"A puppet?" replied the fisherman. "To tell the truth, a puppet is quite a new fish for me. All the better! I shall eat you with greater pleasure."

"Eat me! but will you understand that I am not a fish? Do you hear that I talk and reason as you do?"

"That is quite true," said the fisherman; "and as I see that you are a fish possessed of the talent of talking and reasoning as I do, I will treat you with all the attention that is your due."

"And this attention?"

"In token of my friendship and particular regard, I will leave you the choice of how you would like to be cooked. Would you like to be fried in the frying-pan, or would you prefer to be stewed with tomato sauce?"

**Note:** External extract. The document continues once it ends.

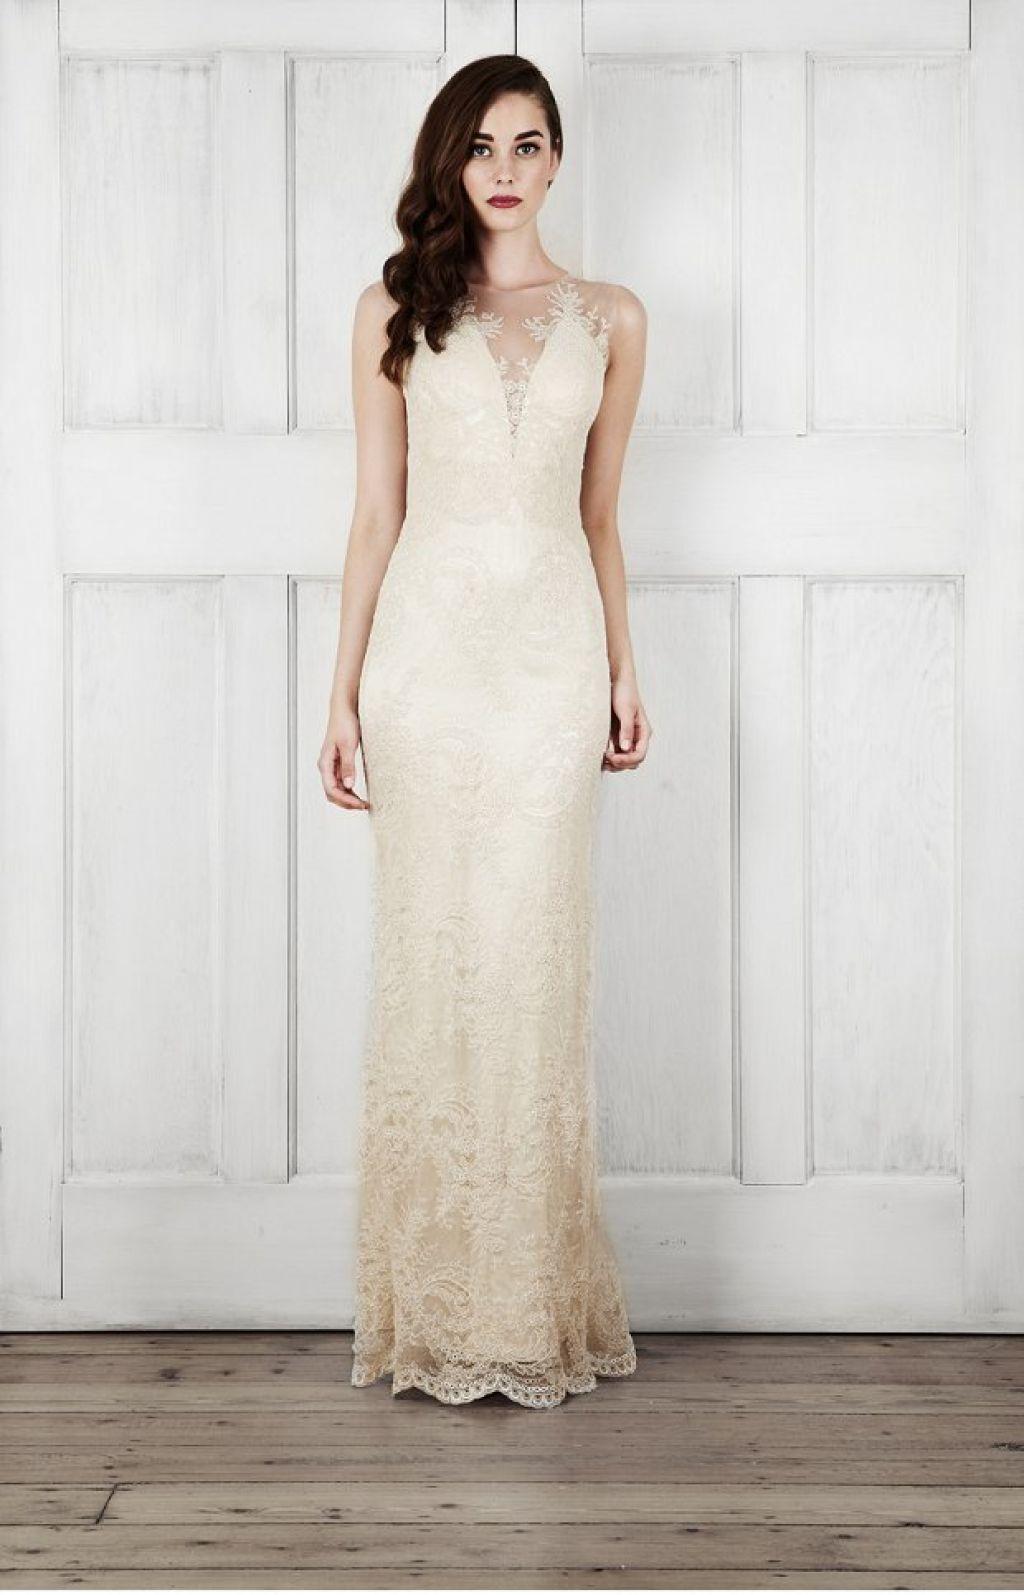 24 Inspirational Cream And Gold Wedding Dress 2015 Wedding Dresses
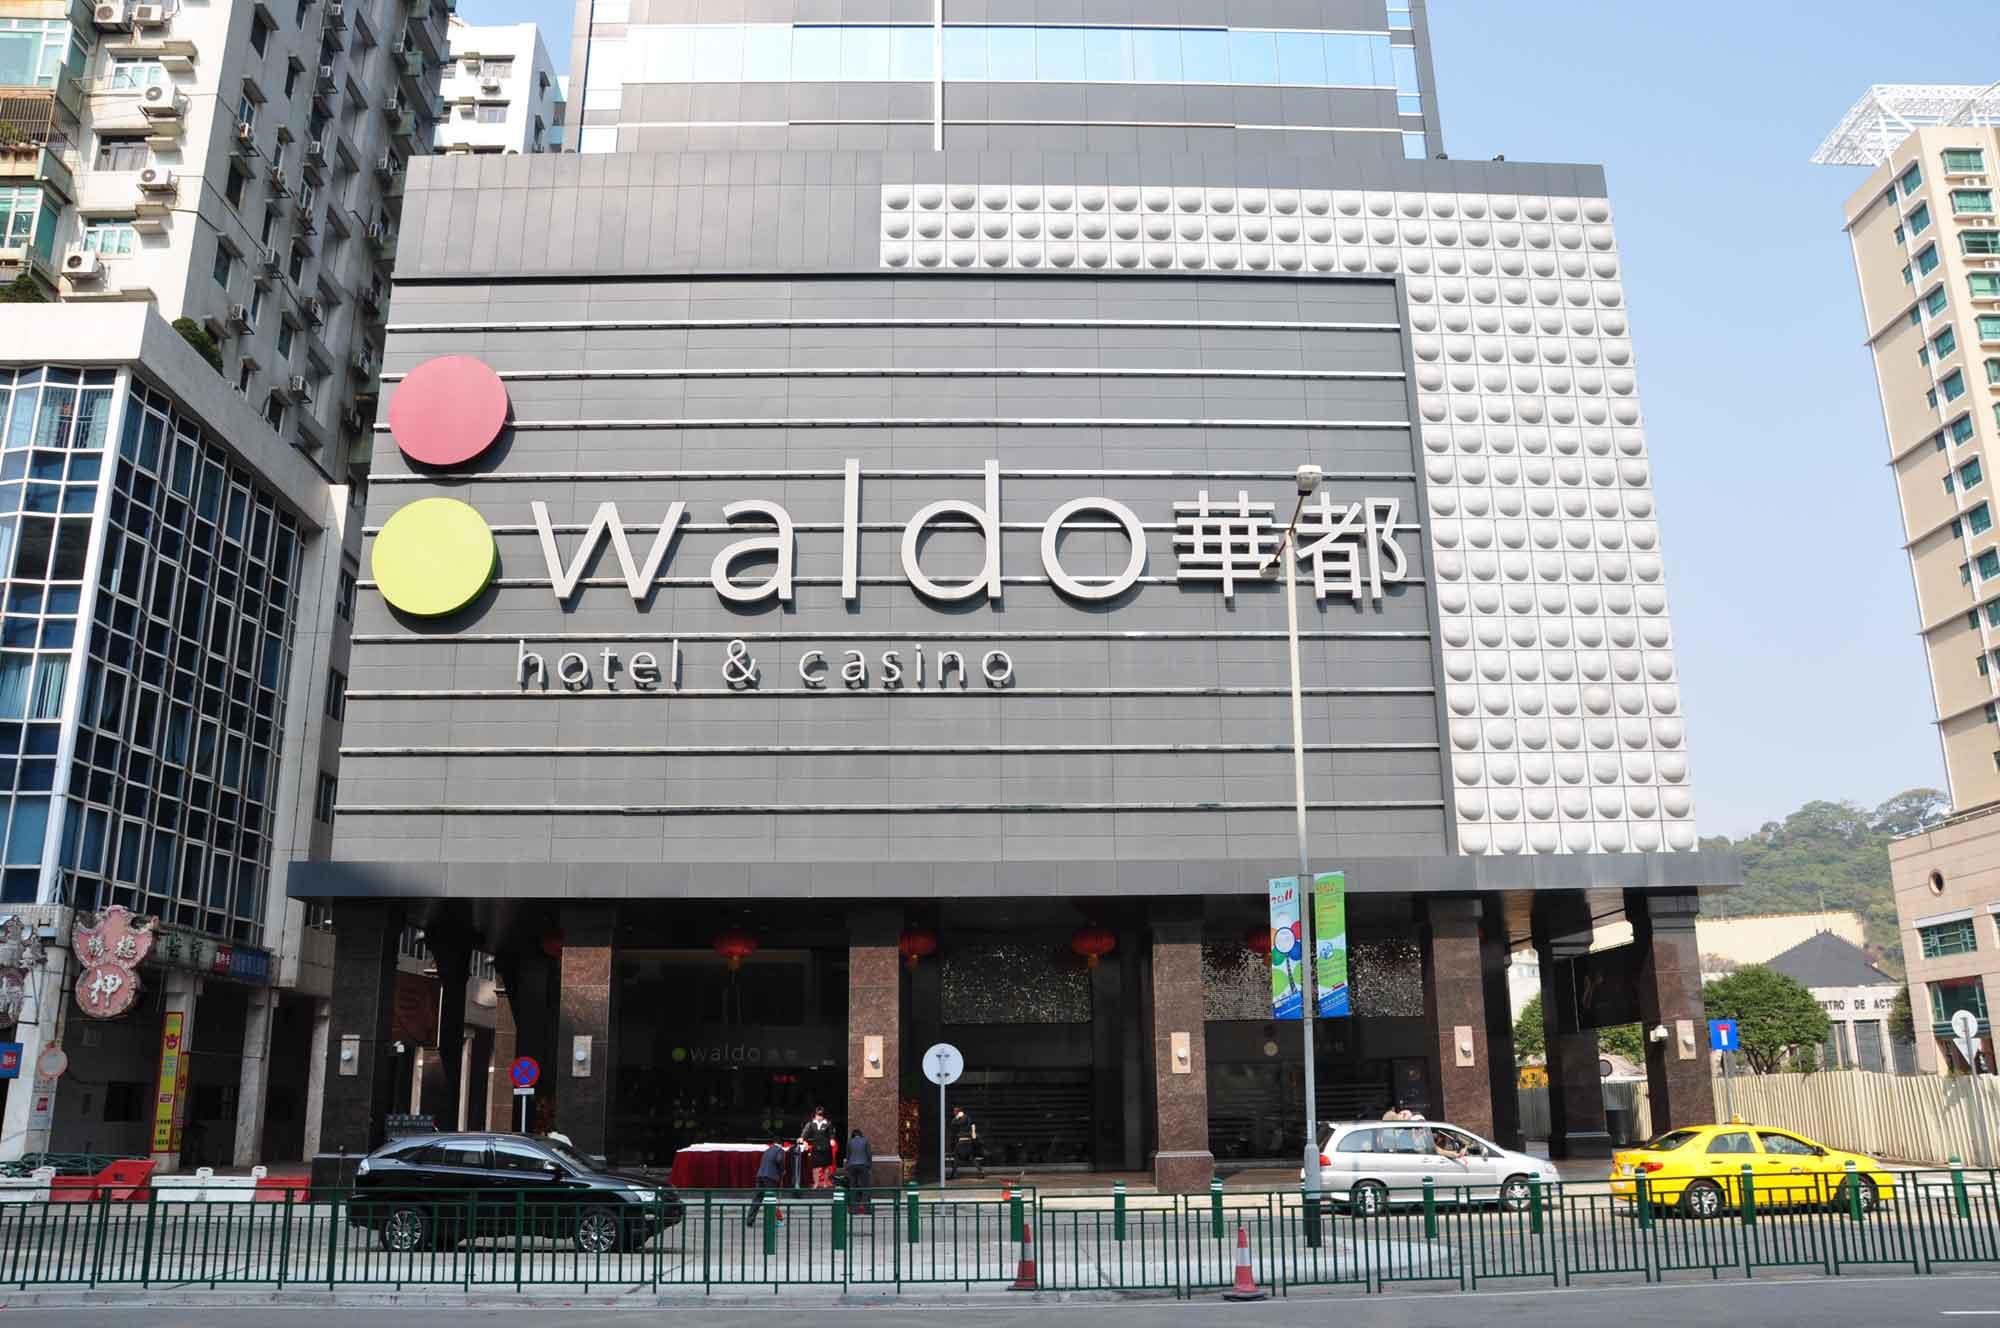 Waldo hotel and casino

"To tell the truth," answered Pinocchio, "if I am to choose, I should prefer to be set at liberty and to return home."

"You are joking! Do you imagine that I would lose the opportunity of tasting such a rare fish? It is not every day, I assure you, that a puppet fish is caught in these waters. Leave it to me. I will fry you in the frying-pan with the other fish, and you will be quite satisfied. It is always consolation to be fried in company."

At this speech the unhappy Pinocchio began to cry and scream and to implore for mercy, and he said, sobbing: "How much better it would have been if I had gone to school! I would listen to my companions and now I am paying for it."

And he wriggled like an eel and made indescribable efforts to slip out of the clutches of the green fisherman. But it was useless: the fisherman took a long strip of rush and, having bound his hands and feet as if he had been a sausage, he threw him into the pan with the other fish.

He then fetched a wooden bowl full of flour and began to flour them each in turn, and as soon as they were ready he threw them into the frying-pan.